What is being asked:
The string "Complete" may appear in lines of the entries below. Report how many lines hold it, with only the number.
━━━━━ Record excerpts
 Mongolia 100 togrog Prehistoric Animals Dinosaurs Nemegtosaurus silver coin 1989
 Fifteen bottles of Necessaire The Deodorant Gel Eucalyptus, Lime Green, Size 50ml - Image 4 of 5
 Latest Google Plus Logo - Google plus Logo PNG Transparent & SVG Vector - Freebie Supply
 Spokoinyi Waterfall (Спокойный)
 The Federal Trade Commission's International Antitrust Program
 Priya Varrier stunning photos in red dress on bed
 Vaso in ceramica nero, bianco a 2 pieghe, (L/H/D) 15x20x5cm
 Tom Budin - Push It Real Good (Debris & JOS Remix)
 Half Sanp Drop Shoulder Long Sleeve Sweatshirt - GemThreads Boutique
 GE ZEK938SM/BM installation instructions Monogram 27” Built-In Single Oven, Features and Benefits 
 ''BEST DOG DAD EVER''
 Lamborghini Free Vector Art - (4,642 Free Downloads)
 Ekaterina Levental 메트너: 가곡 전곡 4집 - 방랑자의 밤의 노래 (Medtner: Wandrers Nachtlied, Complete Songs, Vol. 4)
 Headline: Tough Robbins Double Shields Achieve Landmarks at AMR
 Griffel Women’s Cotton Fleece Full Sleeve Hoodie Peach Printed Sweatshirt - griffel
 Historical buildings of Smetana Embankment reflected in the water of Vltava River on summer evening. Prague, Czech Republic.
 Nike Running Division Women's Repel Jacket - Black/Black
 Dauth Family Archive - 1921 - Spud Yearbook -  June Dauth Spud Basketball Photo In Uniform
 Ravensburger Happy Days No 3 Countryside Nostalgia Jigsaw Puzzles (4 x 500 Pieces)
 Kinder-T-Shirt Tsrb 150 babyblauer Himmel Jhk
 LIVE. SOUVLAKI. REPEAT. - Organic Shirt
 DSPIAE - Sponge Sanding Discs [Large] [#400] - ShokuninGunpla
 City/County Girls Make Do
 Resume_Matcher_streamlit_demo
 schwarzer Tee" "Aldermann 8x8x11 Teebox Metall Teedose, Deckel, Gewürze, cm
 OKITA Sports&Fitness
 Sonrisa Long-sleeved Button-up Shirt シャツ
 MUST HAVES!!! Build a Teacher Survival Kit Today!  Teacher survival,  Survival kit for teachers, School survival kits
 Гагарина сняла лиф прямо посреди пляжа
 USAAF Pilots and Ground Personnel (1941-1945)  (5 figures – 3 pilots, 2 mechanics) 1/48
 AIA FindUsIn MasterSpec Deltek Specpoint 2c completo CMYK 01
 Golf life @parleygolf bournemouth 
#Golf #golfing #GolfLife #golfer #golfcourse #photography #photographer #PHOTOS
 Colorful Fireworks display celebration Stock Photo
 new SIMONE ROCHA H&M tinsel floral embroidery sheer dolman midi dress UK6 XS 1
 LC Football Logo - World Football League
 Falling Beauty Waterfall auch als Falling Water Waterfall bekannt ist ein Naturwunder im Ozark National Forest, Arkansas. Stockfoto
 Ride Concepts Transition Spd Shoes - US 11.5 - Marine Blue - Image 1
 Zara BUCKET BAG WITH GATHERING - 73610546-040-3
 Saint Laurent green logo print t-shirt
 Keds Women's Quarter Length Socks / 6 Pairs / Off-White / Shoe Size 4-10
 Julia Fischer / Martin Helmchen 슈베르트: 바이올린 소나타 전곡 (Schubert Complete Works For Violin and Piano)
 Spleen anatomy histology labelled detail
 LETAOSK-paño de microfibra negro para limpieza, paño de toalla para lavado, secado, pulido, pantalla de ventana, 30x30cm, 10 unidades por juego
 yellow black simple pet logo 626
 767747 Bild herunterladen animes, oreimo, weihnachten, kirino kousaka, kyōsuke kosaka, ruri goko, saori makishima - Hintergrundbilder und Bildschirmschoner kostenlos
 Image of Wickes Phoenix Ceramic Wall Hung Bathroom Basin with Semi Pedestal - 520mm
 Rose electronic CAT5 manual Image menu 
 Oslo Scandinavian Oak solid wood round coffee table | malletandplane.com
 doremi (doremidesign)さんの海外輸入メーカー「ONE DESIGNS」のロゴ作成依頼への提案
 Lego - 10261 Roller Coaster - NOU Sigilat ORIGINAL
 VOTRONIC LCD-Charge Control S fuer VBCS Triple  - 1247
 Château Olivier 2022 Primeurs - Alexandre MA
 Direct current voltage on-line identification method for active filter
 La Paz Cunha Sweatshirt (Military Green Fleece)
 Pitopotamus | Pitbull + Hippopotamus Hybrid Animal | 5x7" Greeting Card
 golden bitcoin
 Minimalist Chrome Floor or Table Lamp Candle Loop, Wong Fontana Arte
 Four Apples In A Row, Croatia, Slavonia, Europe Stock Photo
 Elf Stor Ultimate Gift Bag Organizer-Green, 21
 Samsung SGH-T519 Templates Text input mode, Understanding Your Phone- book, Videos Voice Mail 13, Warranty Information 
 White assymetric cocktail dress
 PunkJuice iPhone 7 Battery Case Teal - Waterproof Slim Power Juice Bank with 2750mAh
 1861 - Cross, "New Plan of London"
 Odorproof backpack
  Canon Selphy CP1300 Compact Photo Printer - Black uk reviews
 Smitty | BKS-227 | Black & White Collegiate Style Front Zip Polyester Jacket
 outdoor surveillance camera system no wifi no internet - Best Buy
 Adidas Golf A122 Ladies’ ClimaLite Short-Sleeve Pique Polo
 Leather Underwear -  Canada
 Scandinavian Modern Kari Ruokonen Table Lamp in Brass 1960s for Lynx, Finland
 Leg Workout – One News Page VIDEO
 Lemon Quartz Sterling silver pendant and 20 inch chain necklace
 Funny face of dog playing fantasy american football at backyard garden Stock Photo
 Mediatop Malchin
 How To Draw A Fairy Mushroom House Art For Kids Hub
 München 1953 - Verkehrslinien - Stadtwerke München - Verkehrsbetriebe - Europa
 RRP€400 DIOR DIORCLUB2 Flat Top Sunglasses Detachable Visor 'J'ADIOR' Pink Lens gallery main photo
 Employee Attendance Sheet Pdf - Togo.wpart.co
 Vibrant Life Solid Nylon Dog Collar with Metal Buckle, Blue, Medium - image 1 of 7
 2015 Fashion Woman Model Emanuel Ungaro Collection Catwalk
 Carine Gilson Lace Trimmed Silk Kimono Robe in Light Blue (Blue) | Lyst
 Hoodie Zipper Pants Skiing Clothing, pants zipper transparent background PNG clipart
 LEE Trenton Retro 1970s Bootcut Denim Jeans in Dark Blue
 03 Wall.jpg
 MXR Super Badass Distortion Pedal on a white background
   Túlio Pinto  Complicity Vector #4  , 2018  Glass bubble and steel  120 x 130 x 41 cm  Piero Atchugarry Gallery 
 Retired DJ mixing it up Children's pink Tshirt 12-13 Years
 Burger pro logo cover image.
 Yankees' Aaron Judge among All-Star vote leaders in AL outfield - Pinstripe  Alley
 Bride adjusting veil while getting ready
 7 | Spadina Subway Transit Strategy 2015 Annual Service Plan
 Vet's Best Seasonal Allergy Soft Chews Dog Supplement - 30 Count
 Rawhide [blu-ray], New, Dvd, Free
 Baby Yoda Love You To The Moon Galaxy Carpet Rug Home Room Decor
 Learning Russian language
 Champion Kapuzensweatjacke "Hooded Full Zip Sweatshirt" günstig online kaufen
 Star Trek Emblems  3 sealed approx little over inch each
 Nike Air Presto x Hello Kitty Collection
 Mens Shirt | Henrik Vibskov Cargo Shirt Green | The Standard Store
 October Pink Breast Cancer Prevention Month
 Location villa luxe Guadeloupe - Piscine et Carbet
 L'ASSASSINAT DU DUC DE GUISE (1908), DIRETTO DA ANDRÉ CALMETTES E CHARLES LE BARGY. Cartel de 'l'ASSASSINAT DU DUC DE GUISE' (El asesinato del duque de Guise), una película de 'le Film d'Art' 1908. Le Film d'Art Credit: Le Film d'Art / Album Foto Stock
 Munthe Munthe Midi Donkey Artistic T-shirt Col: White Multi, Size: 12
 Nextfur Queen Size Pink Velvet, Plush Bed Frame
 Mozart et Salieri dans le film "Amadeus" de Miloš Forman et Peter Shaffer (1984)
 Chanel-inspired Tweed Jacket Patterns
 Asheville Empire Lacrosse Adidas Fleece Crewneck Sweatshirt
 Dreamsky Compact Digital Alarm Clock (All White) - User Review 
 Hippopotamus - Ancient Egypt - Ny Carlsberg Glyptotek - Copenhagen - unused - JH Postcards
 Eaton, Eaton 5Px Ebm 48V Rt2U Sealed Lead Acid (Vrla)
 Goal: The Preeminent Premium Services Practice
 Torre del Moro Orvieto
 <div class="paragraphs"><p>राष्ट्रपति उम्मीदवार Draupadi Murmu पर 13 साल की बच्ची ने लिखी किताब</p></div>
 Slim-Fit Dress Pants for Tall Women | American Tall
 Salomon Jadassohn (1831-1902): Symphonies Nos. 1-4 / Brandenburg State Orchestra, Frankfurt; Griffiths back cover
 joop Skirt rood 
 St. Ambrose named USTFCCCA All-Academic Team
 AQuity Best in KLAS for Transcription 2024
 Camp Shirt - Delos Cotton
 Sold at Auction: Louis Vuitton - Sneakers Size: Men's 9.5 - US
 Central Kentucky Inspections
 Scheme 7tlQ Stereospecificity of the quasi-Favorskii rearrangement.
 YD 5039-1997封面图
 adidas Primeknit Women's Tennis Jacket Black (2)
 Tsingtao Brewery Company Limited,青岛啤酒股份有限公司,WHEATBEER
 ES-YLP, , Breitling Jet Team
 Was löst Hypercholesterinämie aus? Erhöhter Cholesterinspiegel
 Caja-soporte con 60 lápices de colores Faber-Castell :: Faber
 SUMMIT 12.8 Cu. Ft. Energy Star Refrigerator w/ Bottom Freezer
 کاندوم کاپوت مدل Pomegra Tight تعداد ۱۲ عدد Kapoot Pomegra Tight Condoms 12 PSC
━━━━━━━━━━
Answer to the exercise:
2